Center for Computational Toxicology & Exposure, Office of Research and Development, US Environmental Protection Agency, Durham, NC 27711, United States of America; Oak Ridge Institute for Science and Education (ORISE) Postdoctoral Fellow, Oak Ridge, TN 37831, United States of America.
Center for Computational Toxicology & Exposure, Office of Research and Development, US Environmental Protection Agency, Durham, NC 27711, United States of America.
Toxicol Appl Pharmacol. 2023 Jun 1;468:116513. doi: 10.1016/j.taap.2023.116513. Epub 2023 Apr 11.
'Cell Painting' is an imaging-based high-throughput phenotypic profiling (HTPP) method in which cultured cells are fluorescently labeled to visualize subcellular structures (i.e., nucleus, nucleoli, endoplasmic reticulum, cytoskeleton, Golgi apparatus / plasma membrane and mitochondria) and to quantify morphological changes in response to chemicals or other perturbagens. HTPP is a high-throughput and cost-effective bioactivity screening method that detects effects associated with many different molecular mechanisms in an untargeted manner, enabling rapid in vitro hazard assessment for thousands of chemicals. Here, 1201 chemicals from the ToxCast library were screened in concentration-response up to ∼100 μM in human U-2 OS cells using HTPP. A phenotype altering concentration (PAC) was estimated for chemicals active in the tested range. PACs tended to be higher than lower bound potency values estimated from a broad collection of targeted high-throughput assays, but lower than the threshold for cytotoxicity. In vitro to in vivo extrapolation (IVIVE) was used to estimate administered equivalent doses (AEDs) based on PACs for comparison to human exposure predictions. AEDs for 18/412 chemicals overlapped with predicted human exposures. Phenotypic profile information was also leveraged to identify putative mechanisms of action and group chemicals. Of 58 known nuclear receptor modulators, only glucocorticoids and retinoids produced characteristic profiles; and both receptor types are expressed in U-2 OS cells.

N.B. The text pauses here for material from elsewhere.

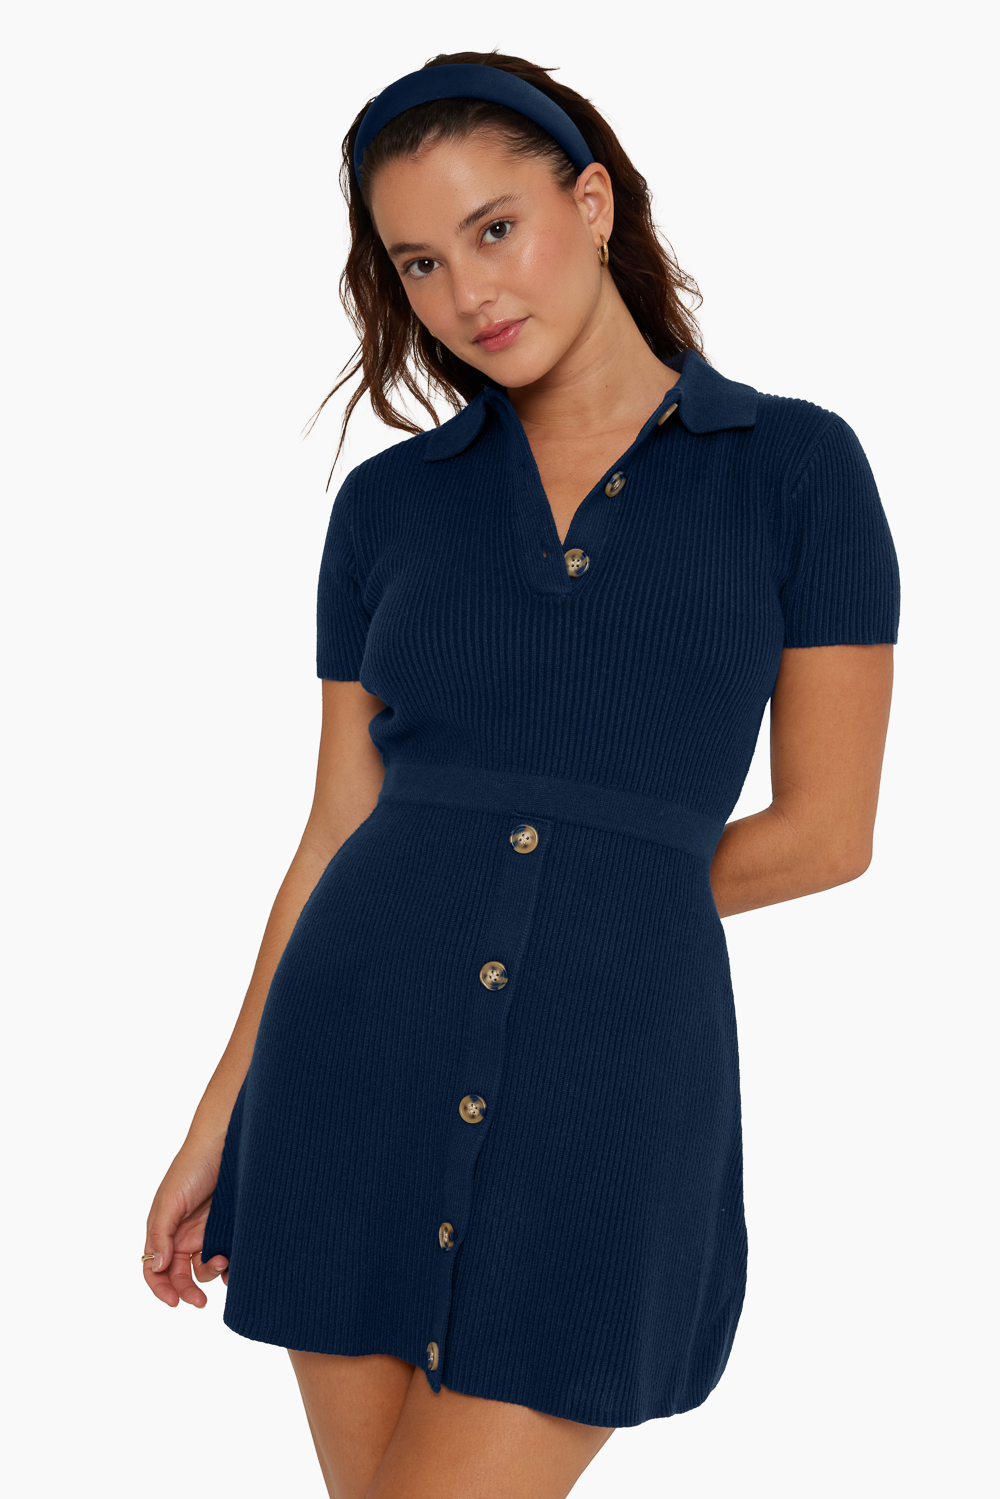 SET™ POLO KNIT DRESS IN EMPIRE

Thirteen chemicals with profile similarity to glucocorticoids were tested in a secondary screen and one chemical, pyrene, was confirmed by an orthogonal gene expression assay as a novel putative GR modulating chemical. Most active chemicals demonstrated profiles not associated with a known mechanism-of-action. However, many structurally related chemicals produced similar profiles, with exceptions such as diniconazole, whose profile differed from other active conazoles. Overall, the present study demonstrates how HTPP can be applied in screening-level chemical assessments through a series of examples and brief case studies.

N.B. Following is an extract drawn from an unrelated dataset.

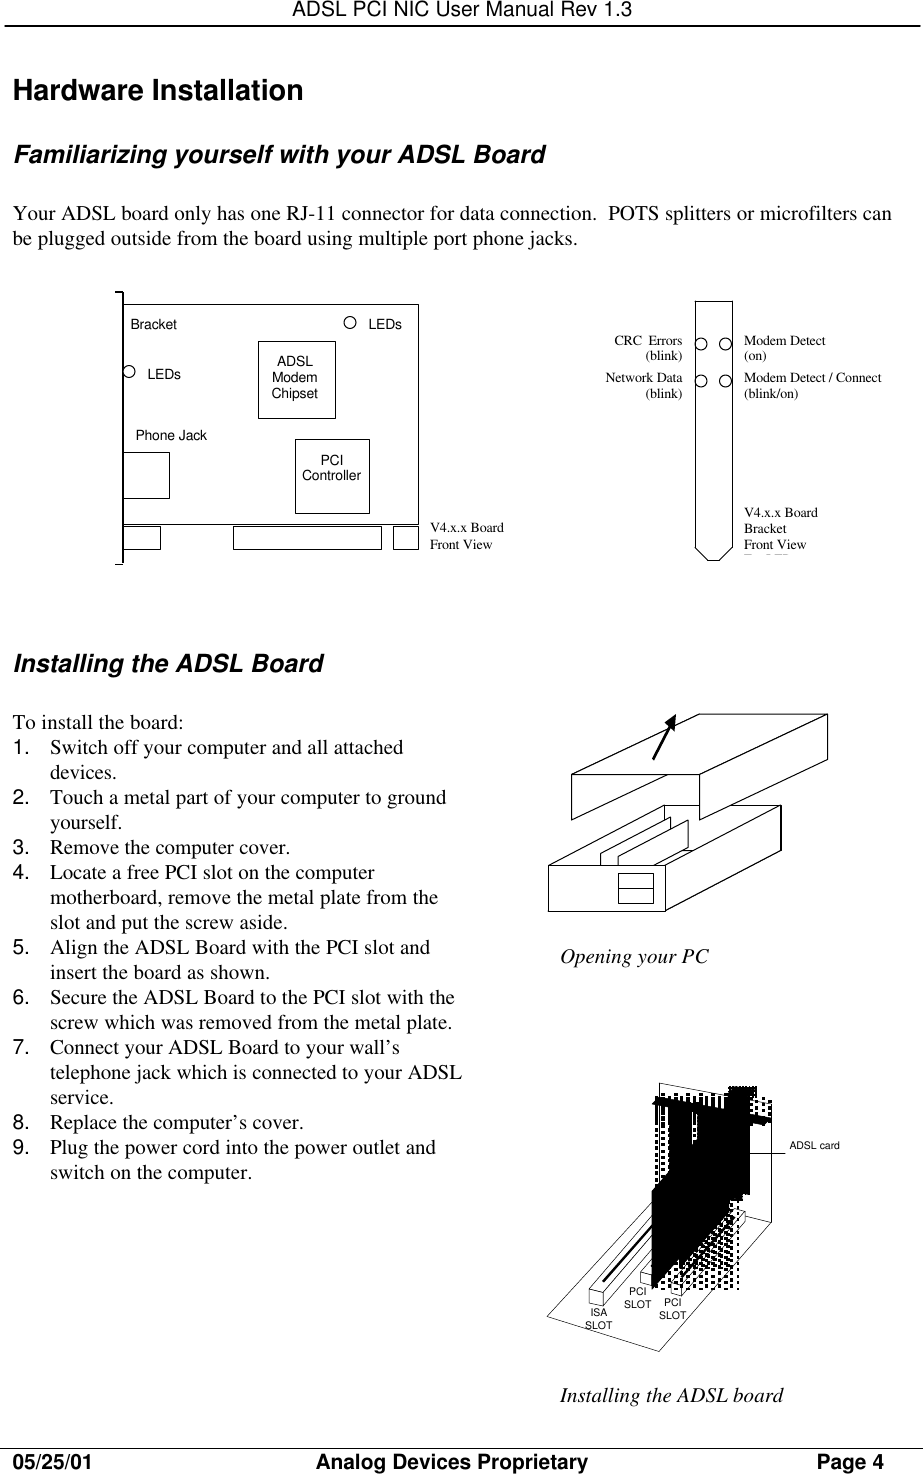 ADSL PCI NIC User Manual Rev 1.305/25/01                                     Analog Devices Proprietary                                      Page 4Hardware InstallationFamiliarizing yourself with your ADSL BoardYour ADSL board only has one RJ-11 connector for data connection.  POTS splitters or microfilters canbe plugged outside from the board using multiple port phone jacks.Modem Detect(on)Modem Detect / Connect(blink/on)CRC  Errors(blink)Network Data(blink)V4.x.x BoardBracketFront ViewFor LEDsInstalling the ADSL BoardTo install the board:1. Switch off your computer and all attacheddevices.2. Touch a metal part of your computer to groundyourself.3. Remove the computer cover.4. Locate a free PCI slot on the computermotherboard, remove the metal plate from theslot and put the screw aside.5. Align the ADSL Board with the PCI slot andinsert the board as shown.6. Secure the ADSL Board to the PCI slot with thescrew which was removed from the metal plate.7. Connect your ADSL Board to your wall’stelephone jack which is connected to your ADSLservice.8. Replace the computer’s cover.9. Plug the power cord into the power outlet andswitch on the computer.LEDs ADSLModemChipsetPCIControllerBracketPhone JackLEDsV4.x.x BoardFront ViewISASLOTPCISLOTPCISLOTADSL cardInstalling the ADSL boardOpening your PC

“细胞染色”是一种基于成像的高通量表型分析(HTPP)方法,其中培养细胞被荧光标记,以可视化亚细胞结构(即核、核仁、内质网、细胞骨架、高尔基体/质膜和线粒体),并定量测量化学物质或其他干扰物引起的形态变化。HTPP 是一种高通量、具有成本效益的生物活性筛选方法,可非靶向地检测与许多不同分子机制相关的效应,从而能够快速进行体外危害评估数以千计的化学品。在这里,使用 HTPP 在人类 U-2 OS 细胞中以浓度反应的方式筛选了 ToxCast 文库中的 1201 种化学物质,最高可达约 100μM。对于在测试范围内有效的化学物质,估计了表型改变浓度 (PAC)。PAC 往往高于从广泛的靶向高通量测定中估计的下限效力值,但低于细胞毒性阈值。体外到体内外推(IVIVE)用于根据 PAC 估计基于 PAC 的给药等效剂量 (AED),以与人类暴露预测进行比较。18/412 种化学物质的 AED 与预测的人类暴露重叠。还利用表型谱信息来识别潜在的作用机制和分组化学物质。在 58 种已知的核受体调节剂中,只有糖皮质激素和视黄酸产生特征谱;而这两种受体类型都在 U-2 OS 细胞中表达。在二次筛选中测试了 13 种与糖皮质激素谱相似的化学物质,其中一种化学物质芘被正交基因表达测定确认为新型潜在的 GR 调节化学物质。大多数活性化学物质表现出与已知作用机制无关的特征谱。然而,许多结构相关的化学物质产生了相似的谱,例外情况如烯菌唑,其谱与其他活性唑类不同。总的来说,本研究通过一系列示例和简要案例研究展示了如何在筛选水平的化学评估中应用 HTPP。